IE: You can’t burn 500 gallons of gas if the end product costs 500$. That applies not just to transportation but also how much material and thus mining the raw materials you need, including refining them, the amount of chemicals you can use per panel, how much electricity you can use in production of the device including precursors etc.

The argument is valid, if energy is not subsidised. However, burning pv for resistance heating is still wasteful and should be avoided. It is only acceptable for peak production that cannot be put to better use.
It’s wasteful of electricity not necessarily resources.

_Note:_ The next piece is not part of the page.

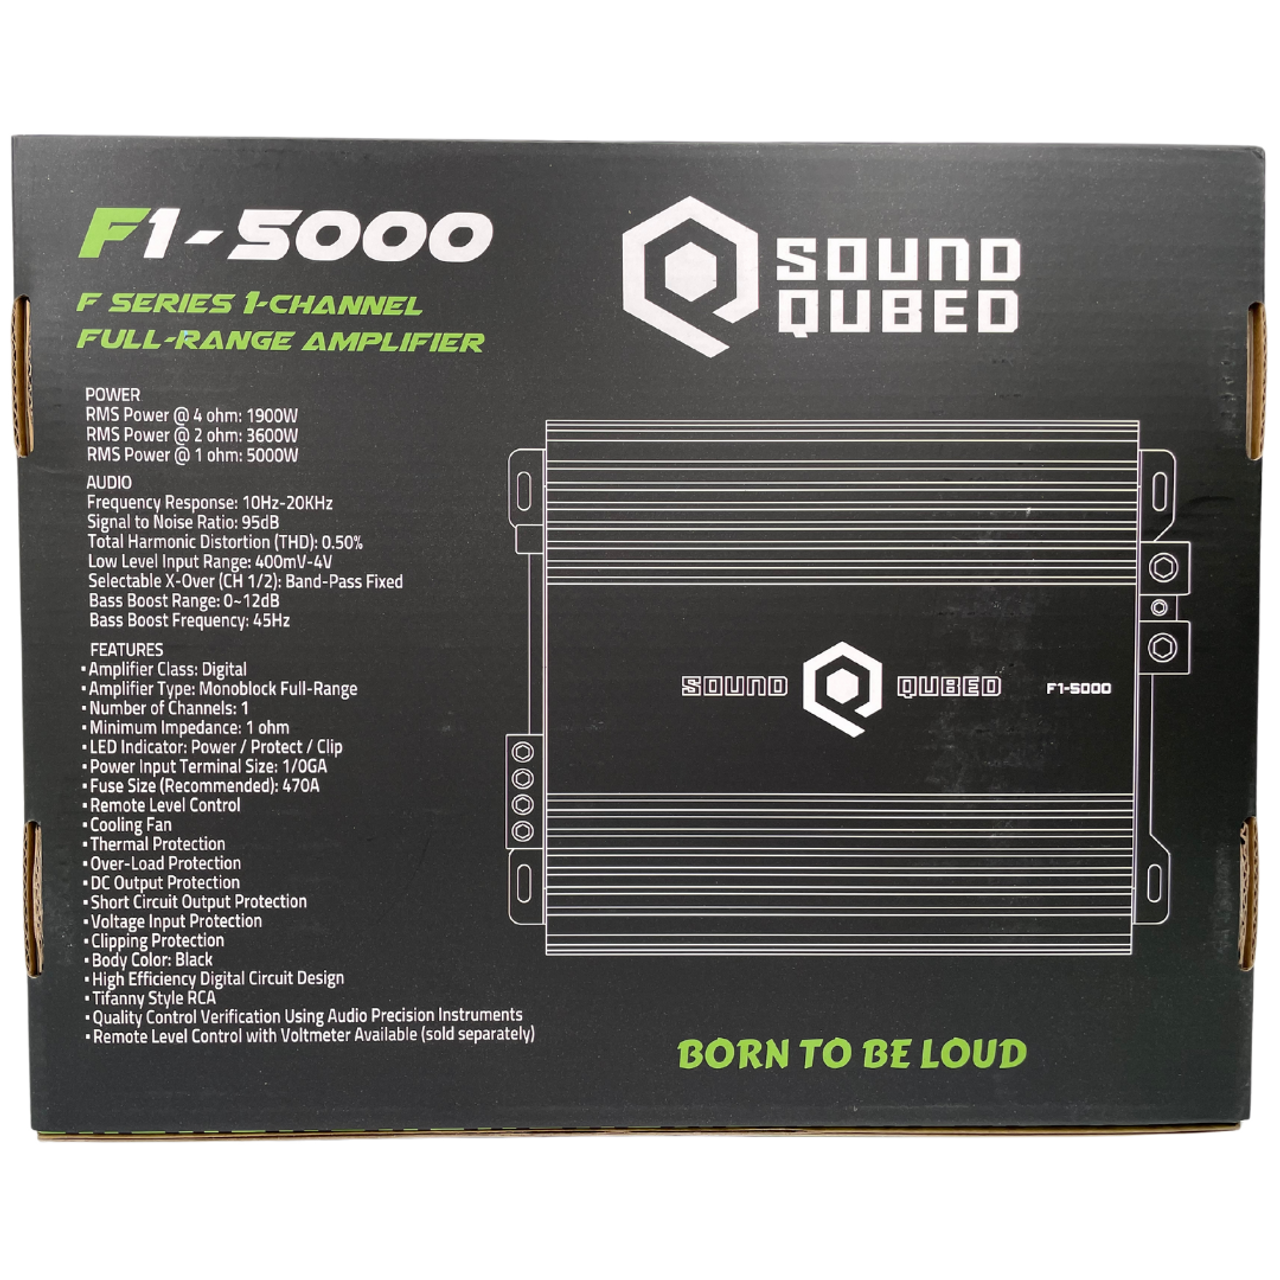 SOUNDQUBED F1-5000 Full Bridge 5000 Watts Mono Block Amplifier

One of the numbers I was looking at compared air sourced heat pump at night when it’s coldest vs this kind of resistive heat battery. Solar panels are far cheaper and better for the environment on a kWh/day basis so even if the COP is 3 (or less it gets colder at night) * 90%(losses from battery) = fewer panels you more than offset it by needing far more batteries.

Obviously solar thermal setups have advantages if you need lots of heat, but they are also wasted most of the year. If 8-10 months a year you’re only using them for hot water then annual efficiency is closer to 25% than 90%.

You can run a heat pump with the electricity. That changed the calculation a bit.
Sure but a heat pump was not the scenario in the parent post.